→ **What you are asked to do**:
Transcribe exactly, and only, the lines running from the one that contains "宮崎市青島の荒涼とした海岸に" through the last line of the material. No pictures.

→ **Data block**:

========================================================================

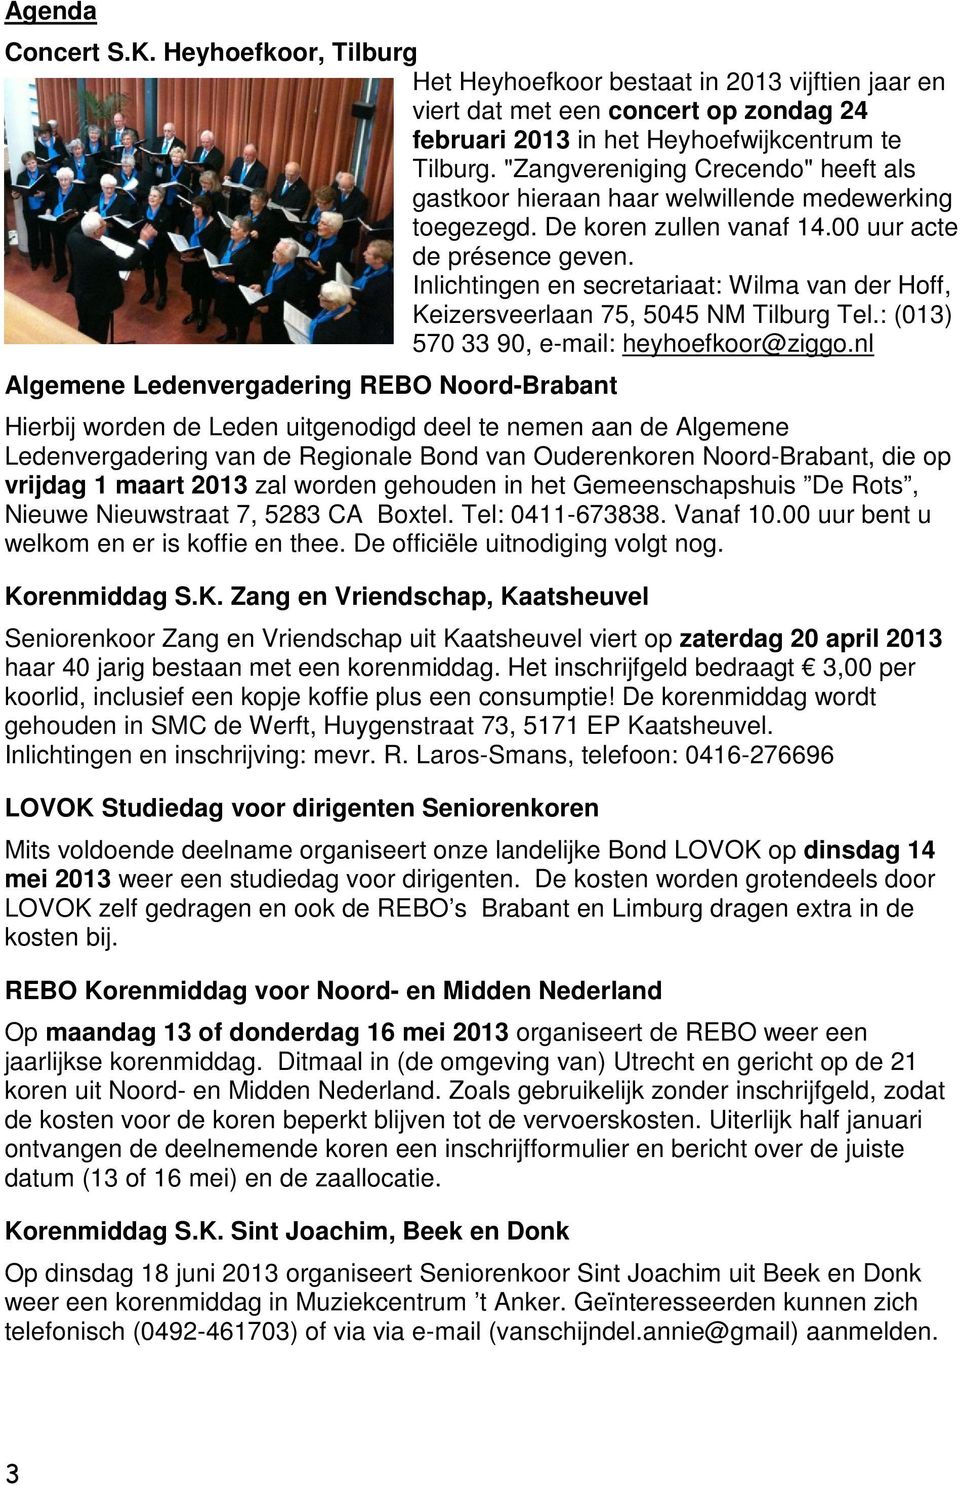 Inlichtingen en secretariaat: Wilma van der Hoff, Keizersveerlaan 75, 5045 NM Tilburg Tel.: (013) 570 33 90, e-mail: heyhoefkoor@ziggo.
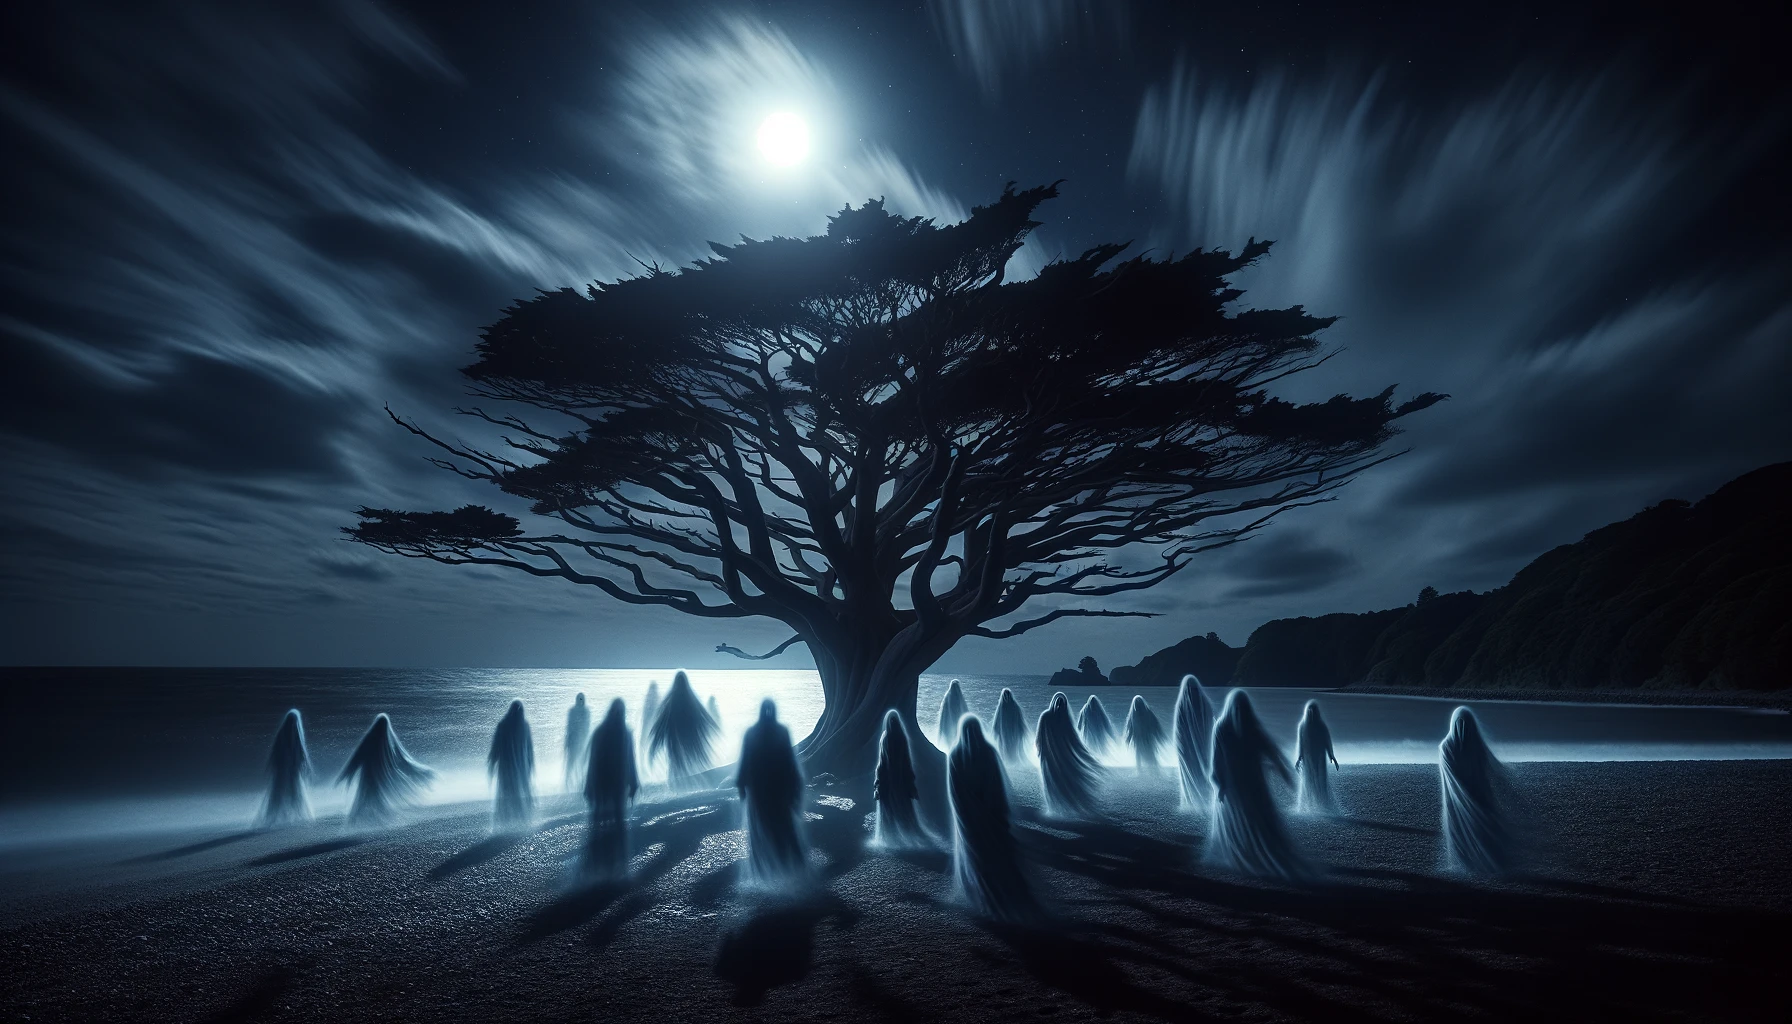 宮崎市青島の荒涼とした海岸に立つ呪われた木。月光に照らされ、周囲には幽霊のような人物の姿が見える、不気味な夜のシーン。
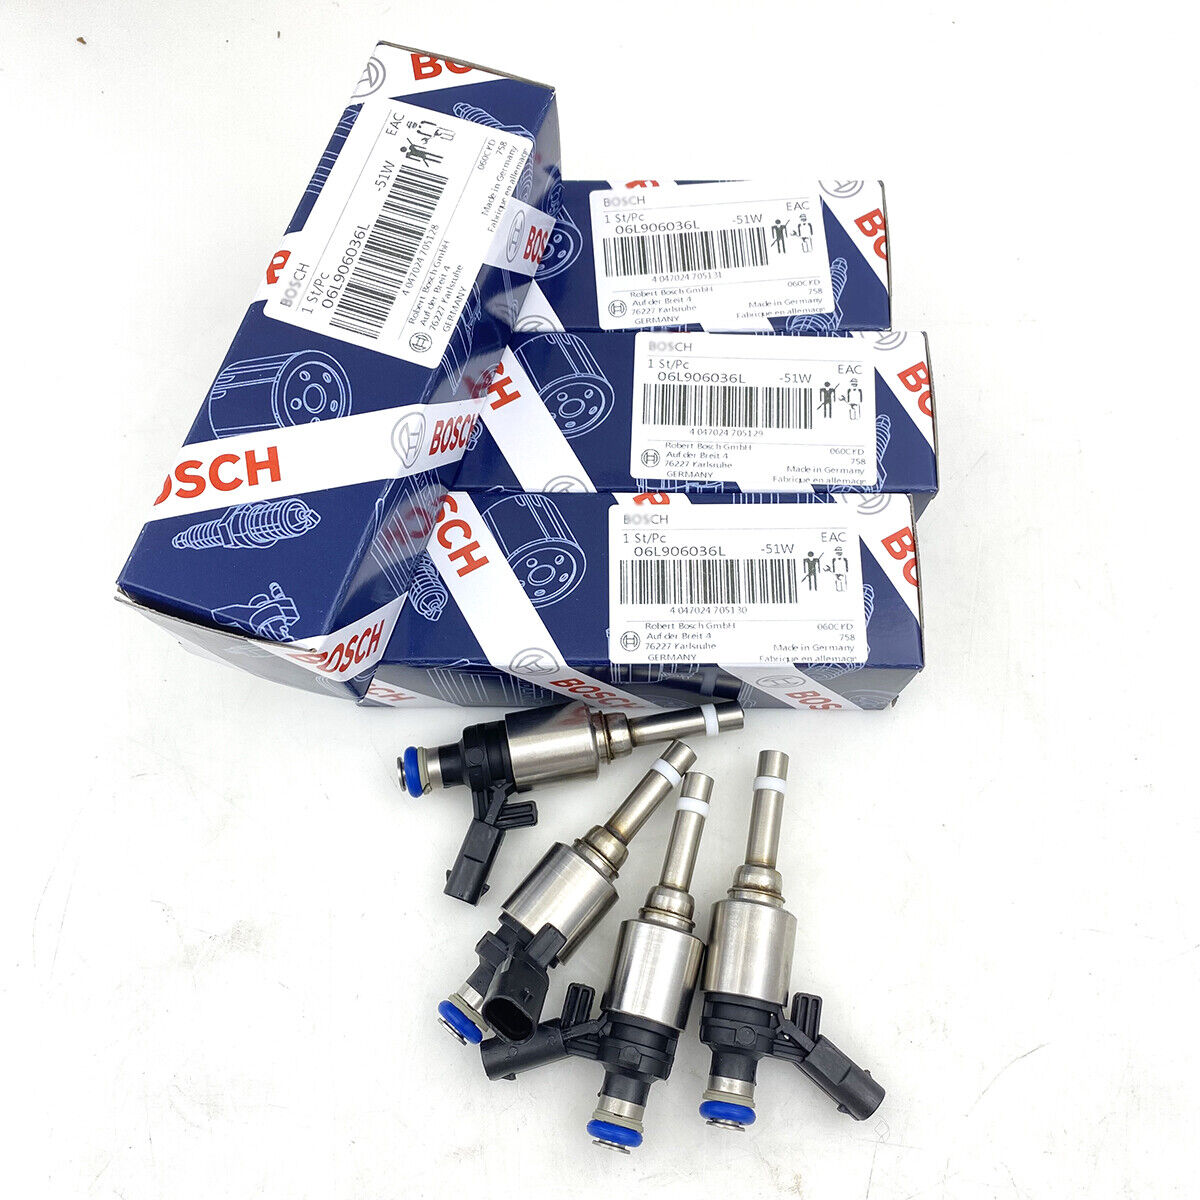 4pcs 06L906036L Bosch Fuel Injector Set For VW Golf Audi S3 TTS Quattro 2.0T New

========================================================================

→ **Result**:
 宮崎市青島の荒涼とした海岸に立つ呪われた木。月光に照らされ、周囲には幽霊のような人物の姿が見える、不気味な夜のシーン。
 4pcs 06L906036L Bosch Fuel Injector Set For VW Golf Audi S3 TTS Quattro 2.0T New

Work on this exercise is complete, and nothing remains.